● **DATA SHOWN**:

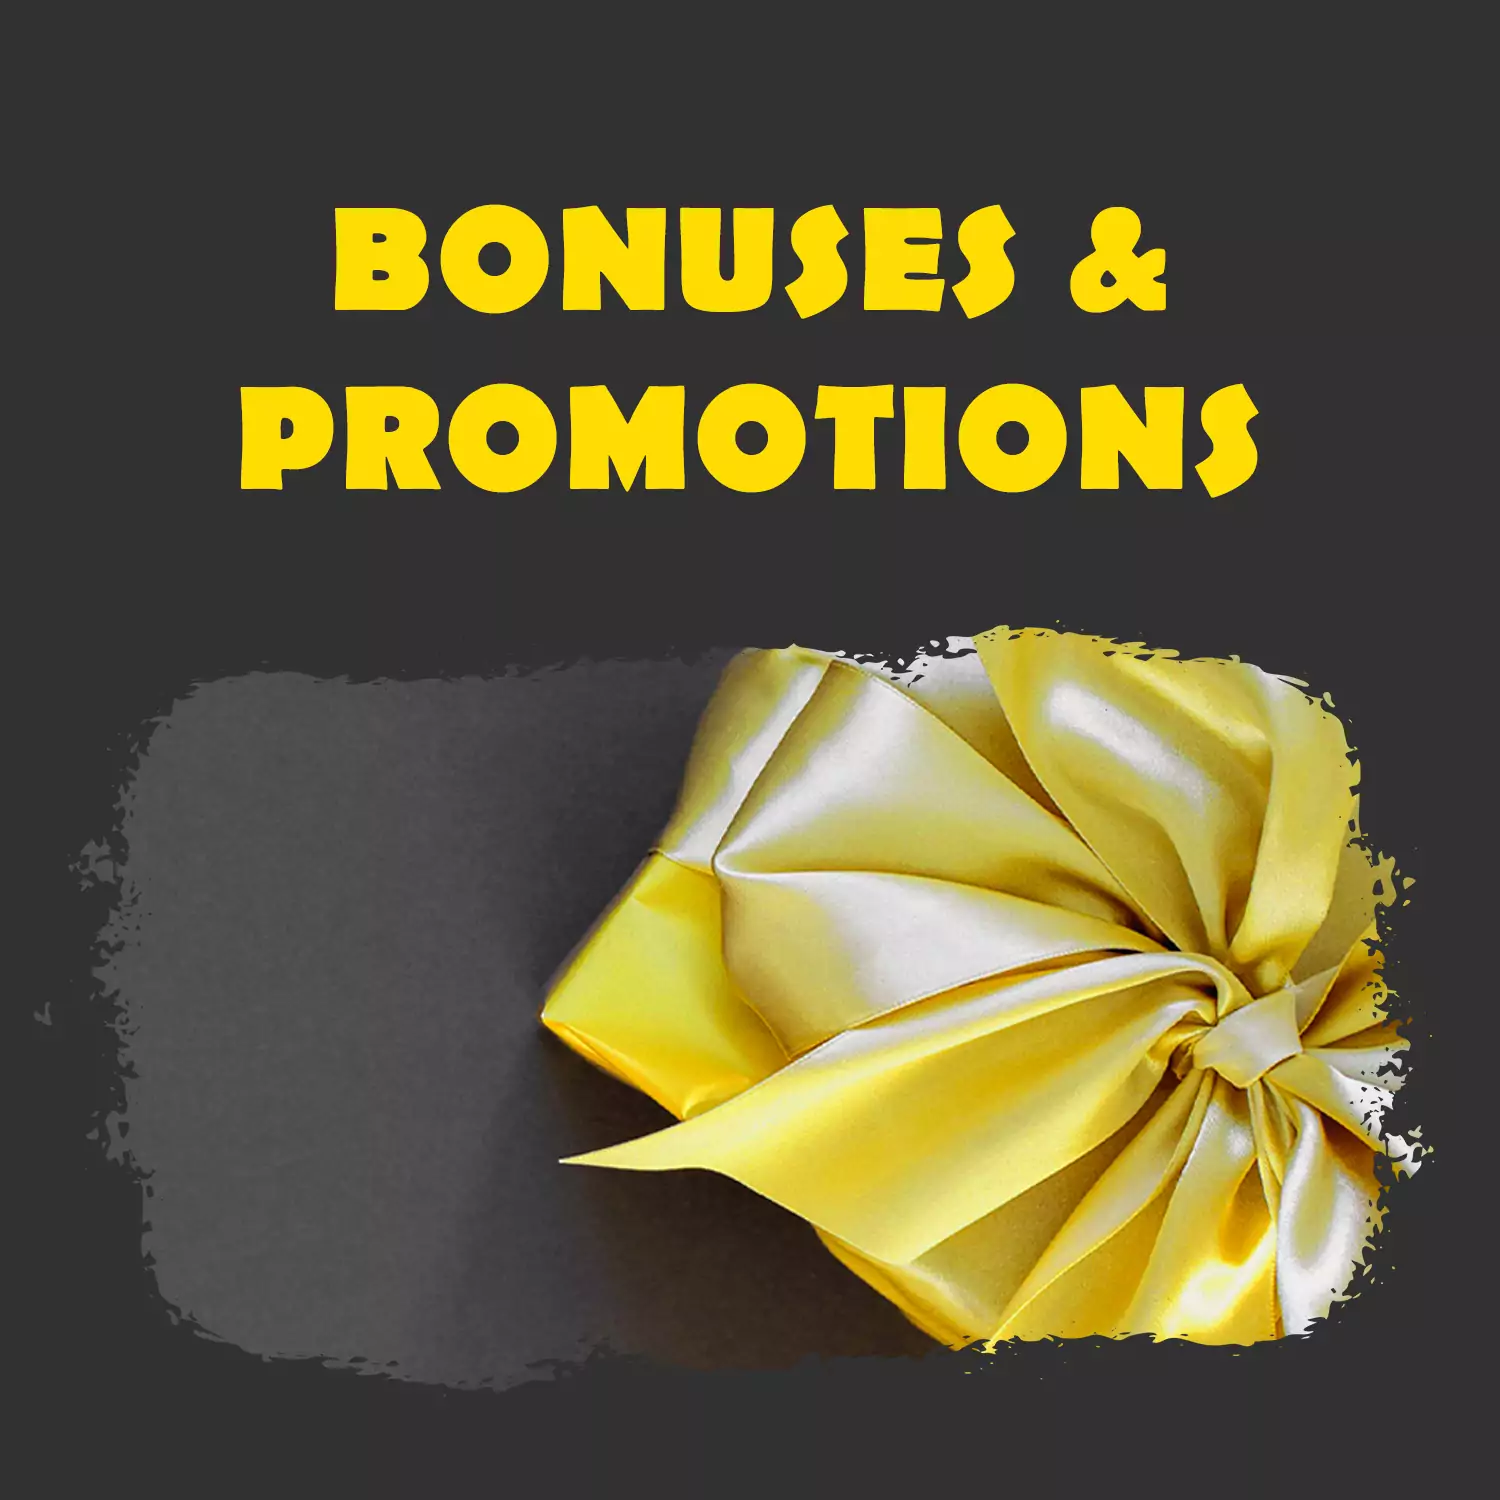 In addition to the main promotion, there are also some other bonus offers for users of Bet365.
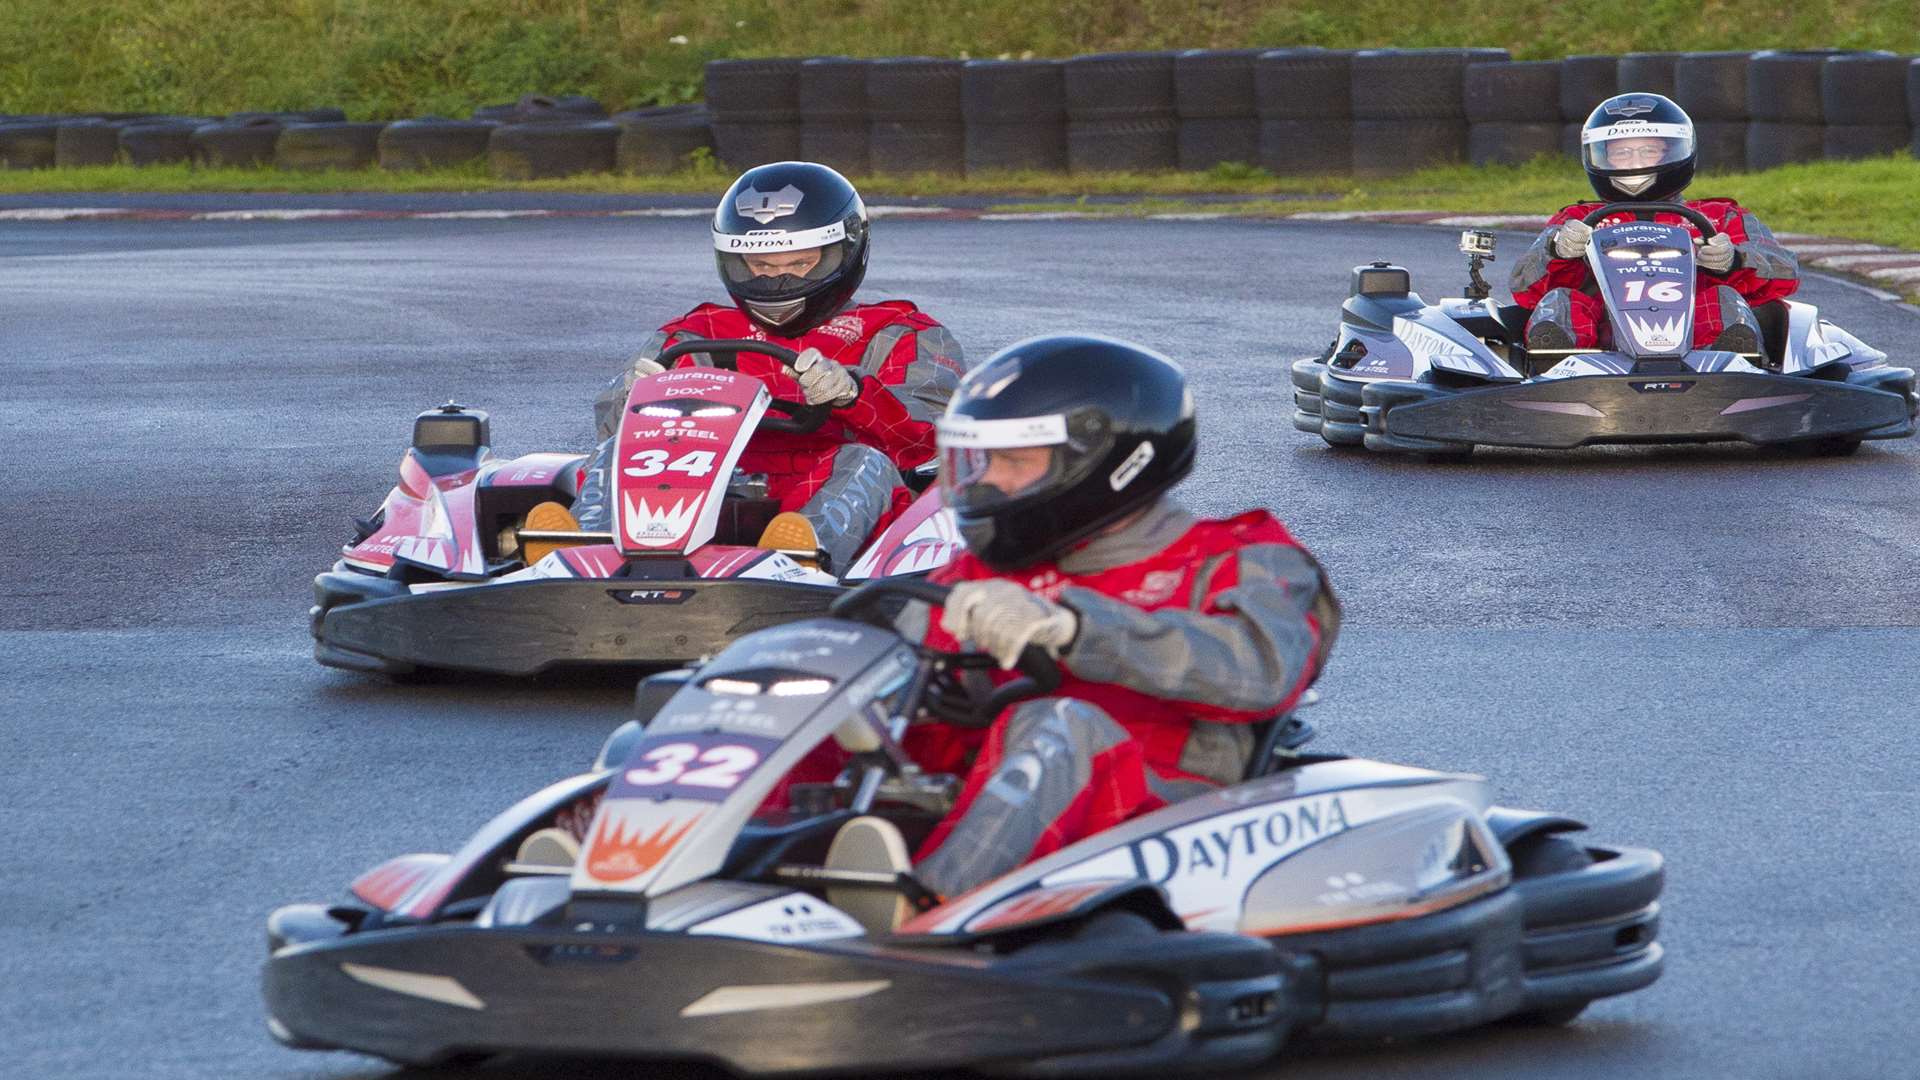 Both professional and amateur drivers took part in the race
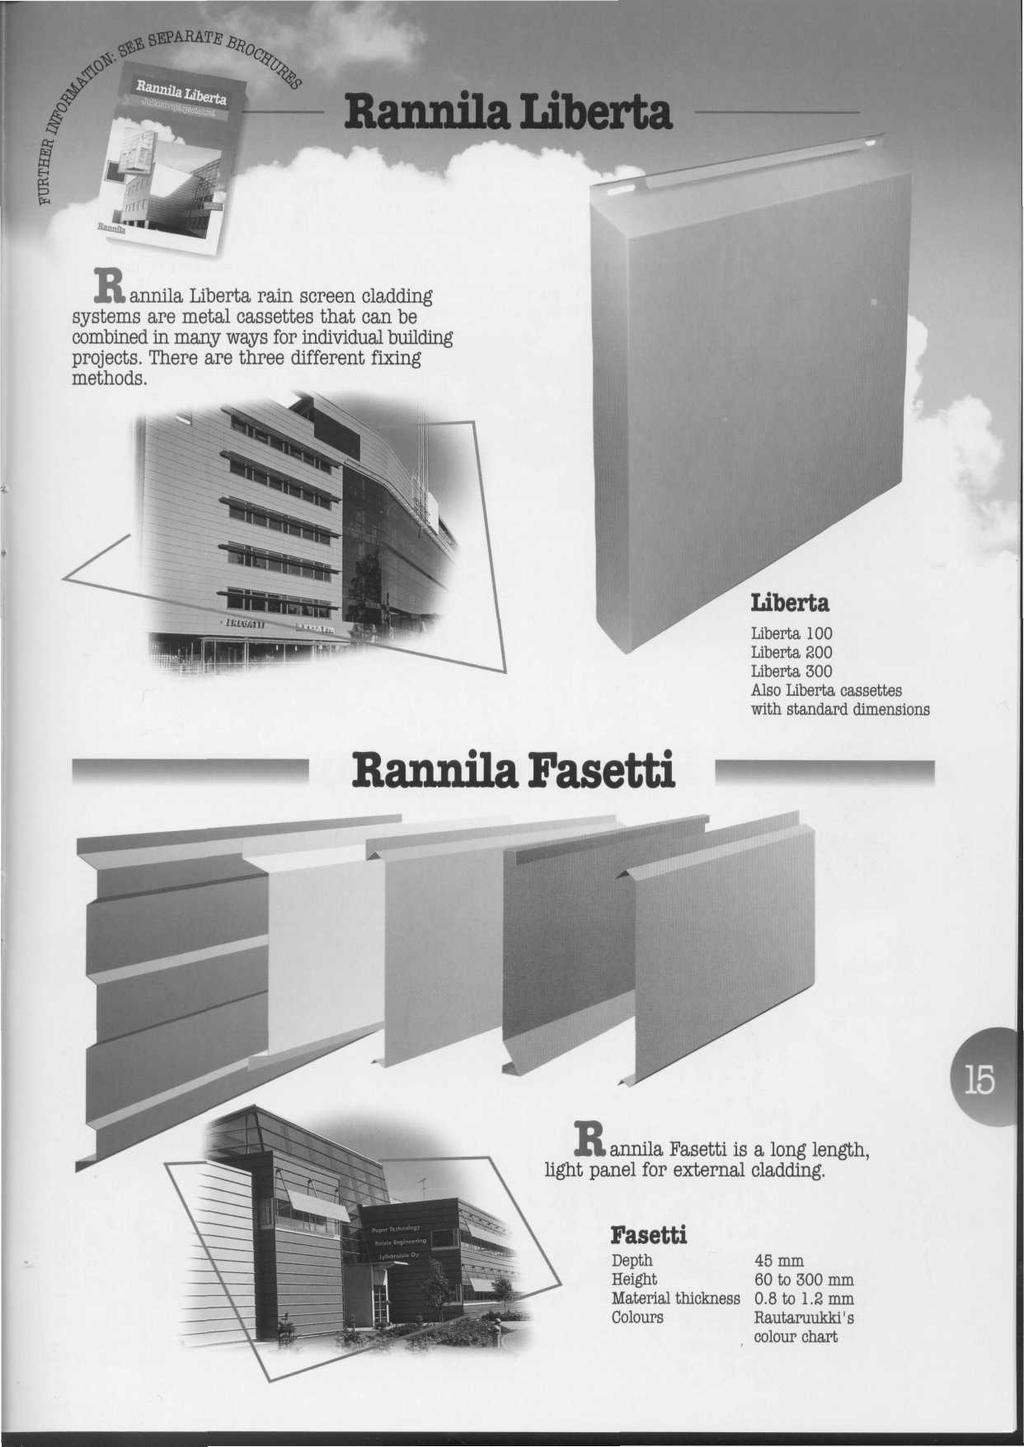 Rannila Liberta R. annila Liberta rain screen cladding systems are metal cassettes that can be combined in many ways for individual building projects. There are three different fixing methods.
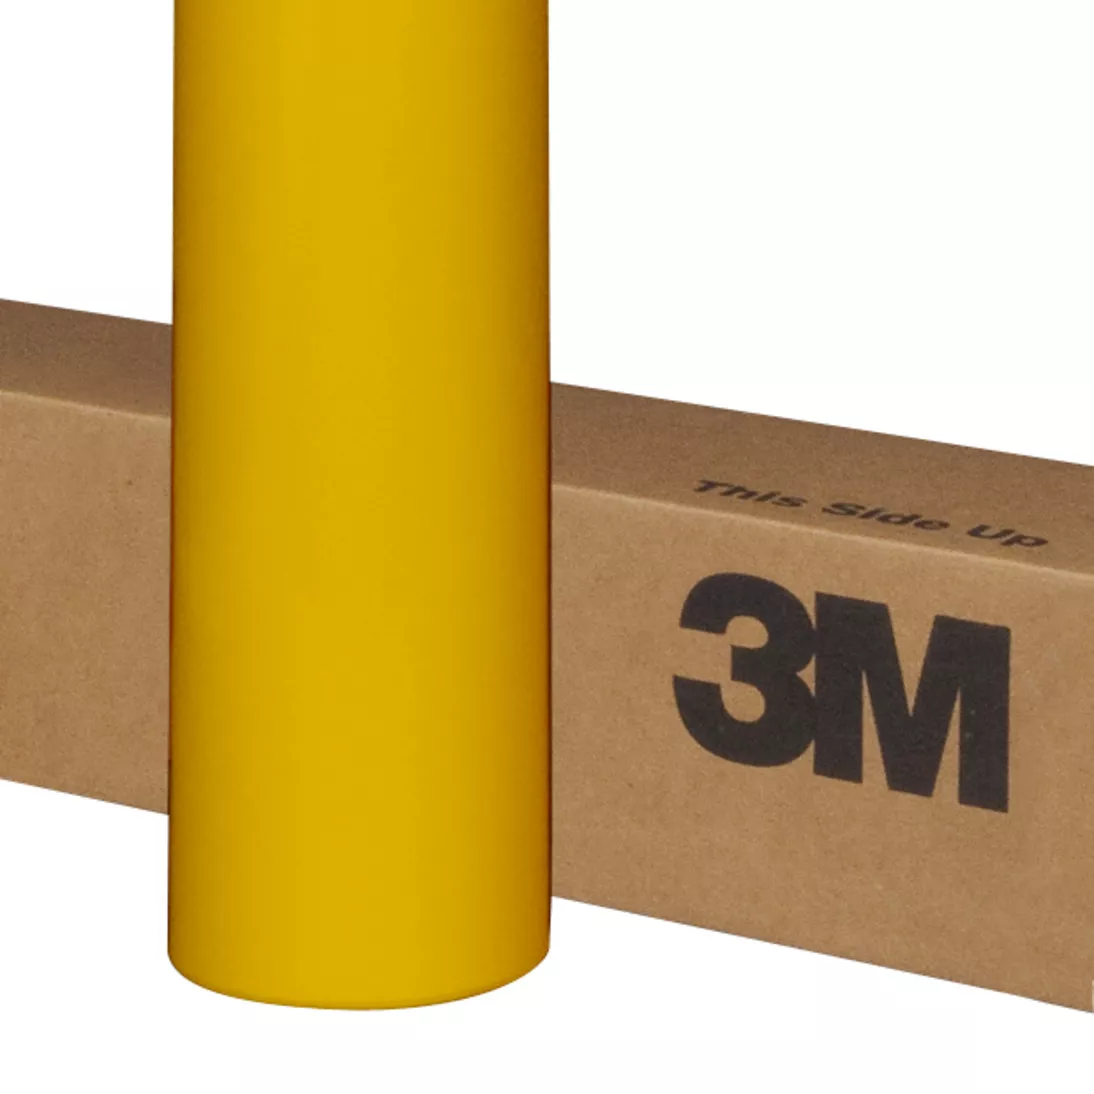 3M™ Scotchlite™ Reflective Graphic Film 680-71, Yellow, 48 in x 50 yd, 1
Roll/Case

● **ABOUT THIS TASK**: In full and without error, repeat the listing above, omitting its images.

● **SOLUTION BELOW**:
 In addition to the main promotion, there are also some other bonus offers for users of Bet365.
 Both professional and amateur drivers took part in the race
 Rannila Liberta R. annila Liberta rain screen cladding systems are metal cassettes that can be combined in many ways for individual building projects. There are three different fixing methods.
 3M™ Scotchlite™ Reflective Graphic Film 680-71, Yellow, 48 in x 50 yd, 1
Roll/Case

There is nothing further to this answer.